Not only was I a fat cow, I was a number of other filthy names that have become memories I’d prefer to treasure privately. My favorite name, however I will share with you. Every time he demanded that I - a patient hooked up to an IV and all the monitors - get up and get him some Tylenol he would call me Hunny Bunny. When I told him that I was unable to provide any medicine at this time, he would scream at me and call me Nurse Ratchet. I have a bit of video of this as evidence that I am not being dramatic, but I cannot include it because, ya know HIPPA or whatever.

So, that was night number one in the hospital. Super restful. No wonder my heart rate was going bananas! What were its options!? The second night was not much better because the observation unit just means that all of us fat cows are appropriately placed in curtained stalls. We are strategically situated to ensure that every time someone moans or talks about their bile, we can all weigh in.
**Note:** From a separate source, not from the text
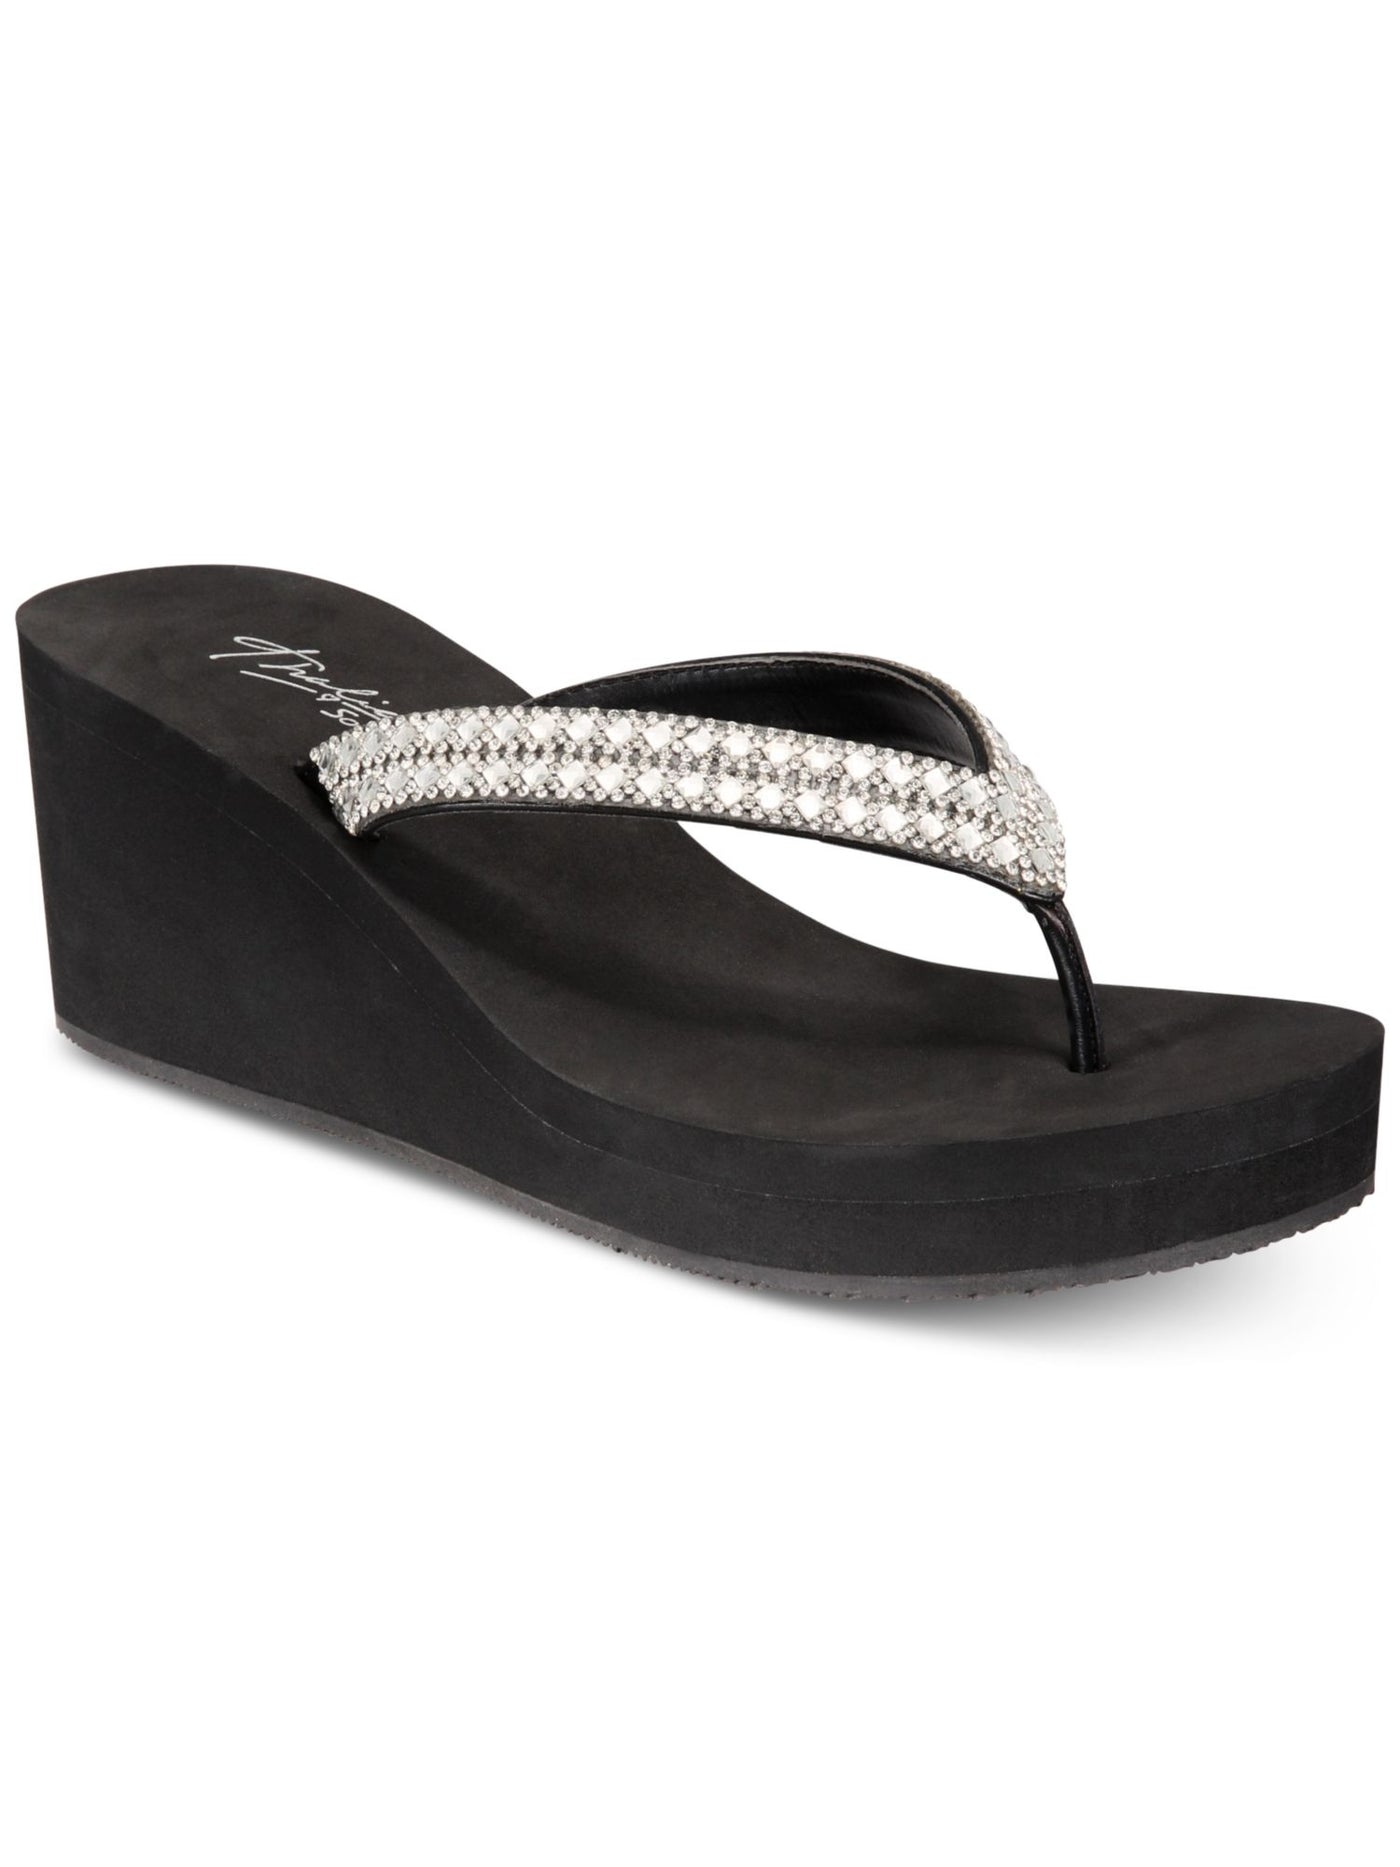 THALIA SODI Womens Black Rhinestone Embellishment Comfort Emira Round Toe Wedge Slip On Flip Flop Sandal 11 M

I promise though, I was doing my absolute best to extend kindness whenever possible. I spent hours patiently talking with Mr.Russia. I told him politely that I preferred “cow” to the other c-word he was throwing around. I listened to him talk about literally every thought he had, as he had it. And I didn’t once lose my temper. Or sleep.

I was also intentional about trying to be as kind a patient as possible. Of course, I always strive to be polite and kind, but when you are bed-ridden and the only opportunity to extend kindness is toward the people taking care of you… ya run short on ideas. It did give me the chance to live out one of my life mottos which is to never just think a compliment, say it instead.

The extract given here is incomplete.